Пусть его живет, пока
живет.
Выйдя на дорогу,
ведущую от деревни к мельнице, и оттого укатанную зимой санями, а
летом -- телегами, ссыльные зашагали быстрее. Самую малость, для
вольного дыхания и согрева телесного. Мужчина дернул плечом,
сбрасывая котомку пониже, прижал ношу локтем. Посмотрел искоса на
спутницу, свободной рукой зачем-то коряво огладил усы, смерзшиеся
липкими сосульками.
Потрескавшиеся от
мороза, обметанные лихорадкой губы шевельнулись:
-- Давай торбу-то...
понесу...
Женщина не
ответила.
-- Ладно тебе,
Княгиня... бари раны[1]!.. давай, не
ерепенься...
-- Уймись, Друц.
Сказано было сухо и
твердо.
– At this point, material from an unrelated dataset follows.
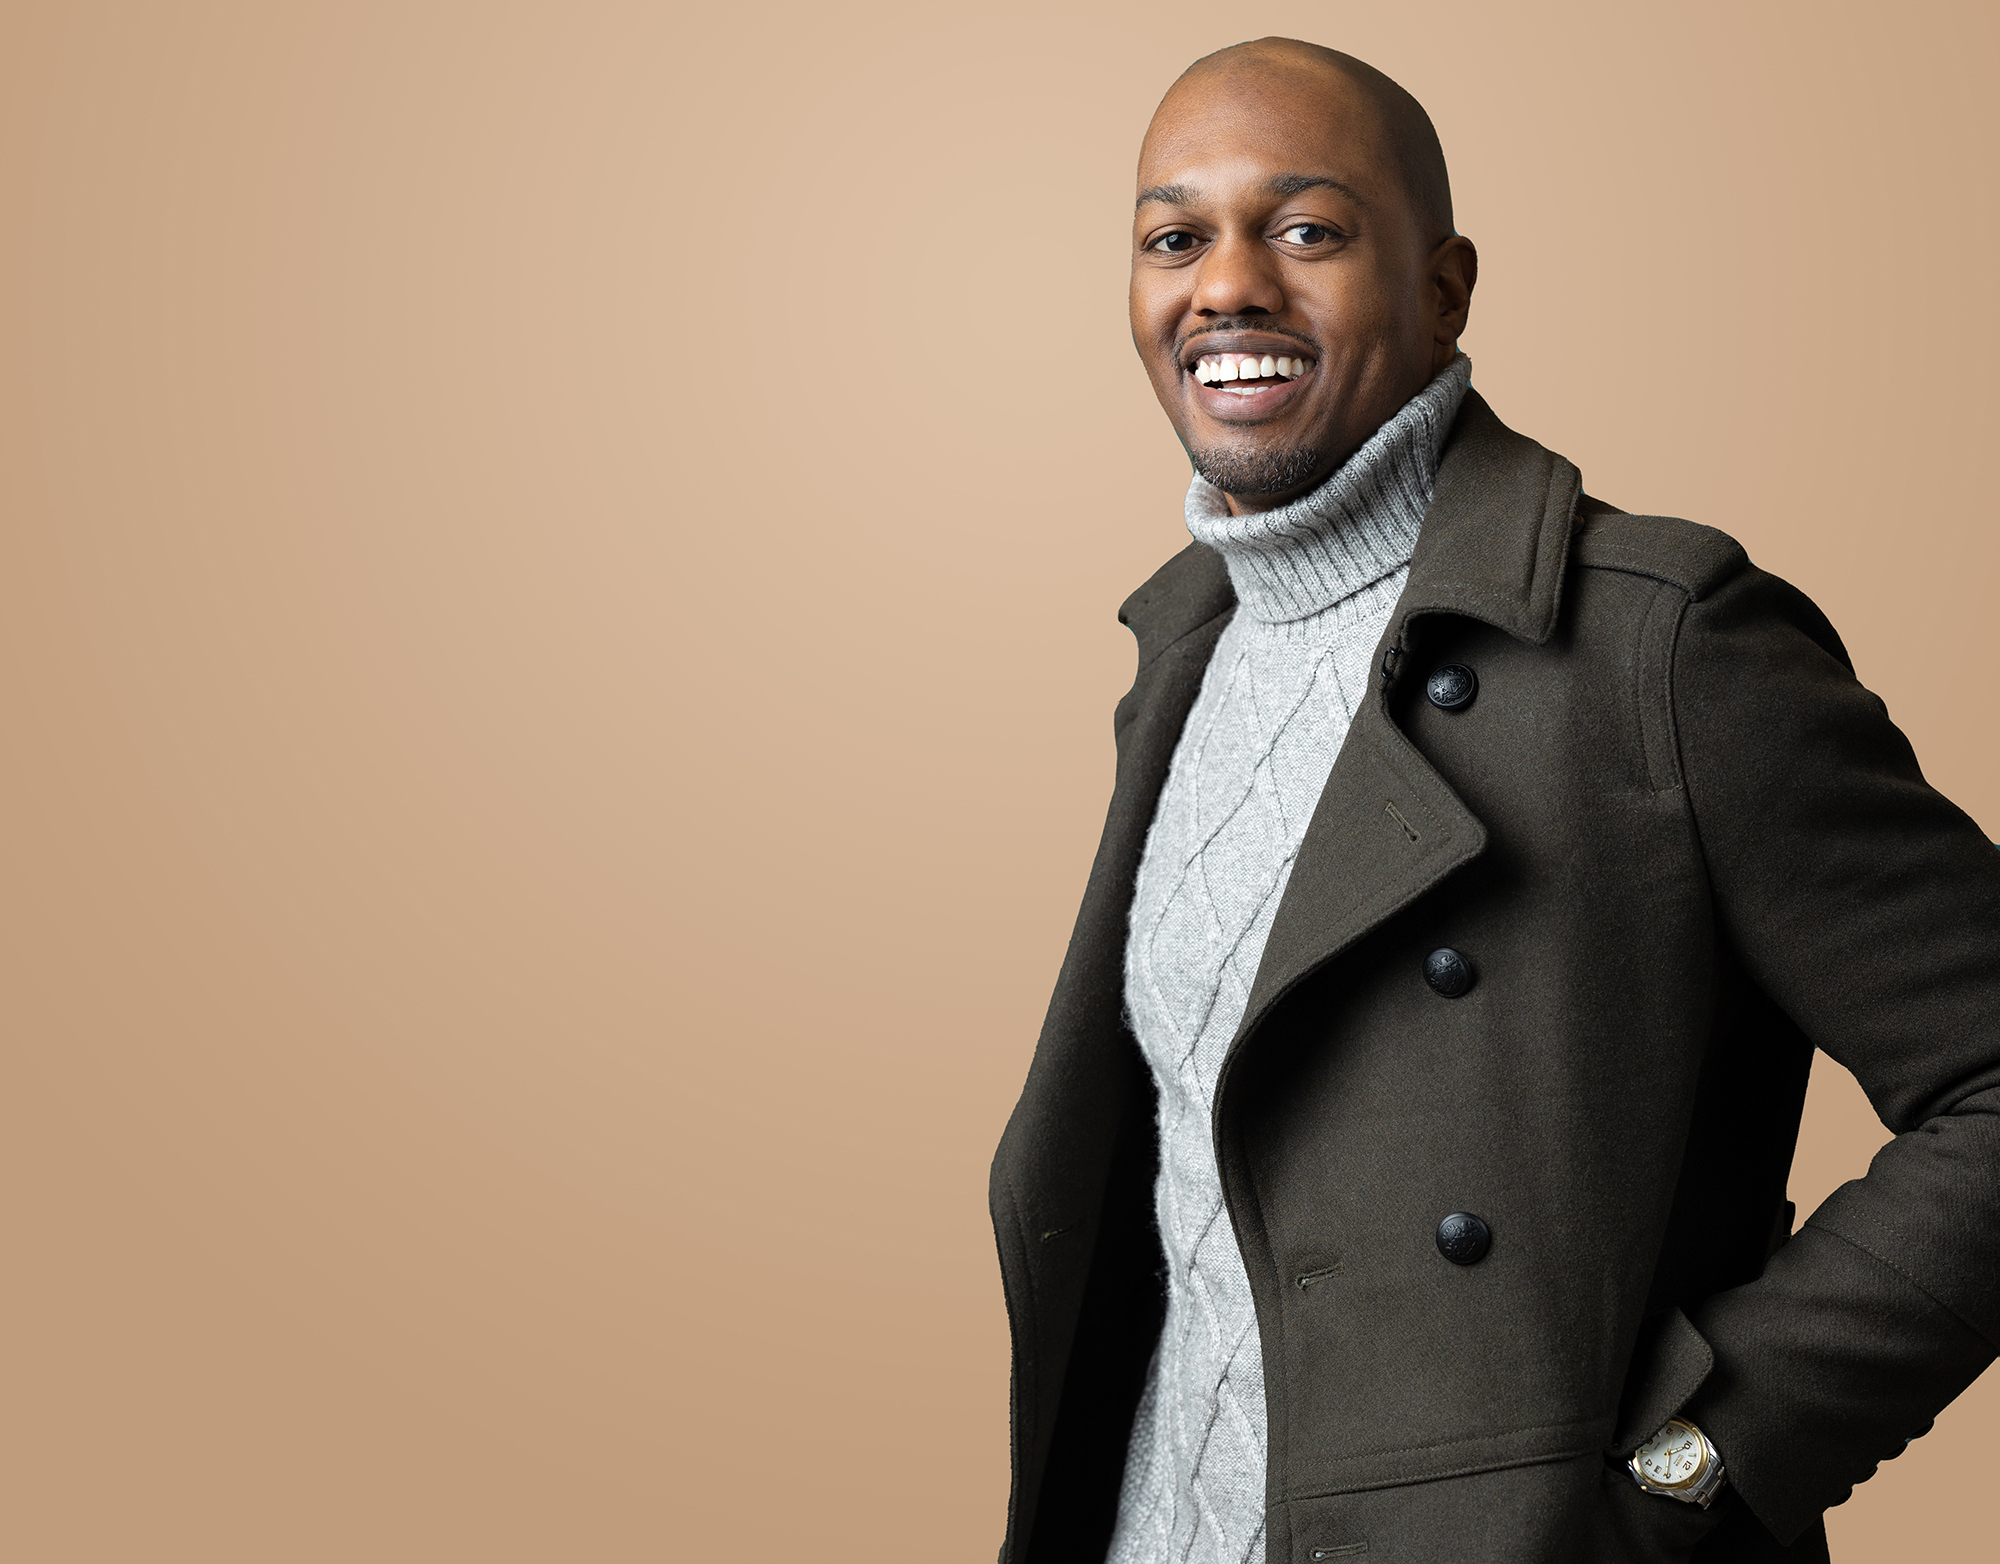 a black man in company matching program apparel posing on a beige background.

Так иногда хрустнет в ночном лесу, и наемный рубщик,
задремавший было в избе-конторянке, встрепенется близ теплой
каменки, охнет спросонок и долго еще вслушивается в лихую темень:
чего ждать, братцы-товарищи? откуда? скоро ли?! В голосе женщины на
самом донышке пряталась хриплая властность, пряталась гадюкой под
трухлявой валежиной, и незачем пинать укрытие от пустой скуки:
ужалит без злобы и уйдет без страха.
Мужчина, которого
назвали Друцем, знал это лучше многих.
Оттого и шел с той
минуты до окраинных изб, не заикаясь больше о непрошенной
помощи.
Просто шел.
Напевал без звука, в
усы-сосульки:
-- Ой, ходка новая,
А масть бубновая,
А жисть хреновая,
Дешевый фарт!..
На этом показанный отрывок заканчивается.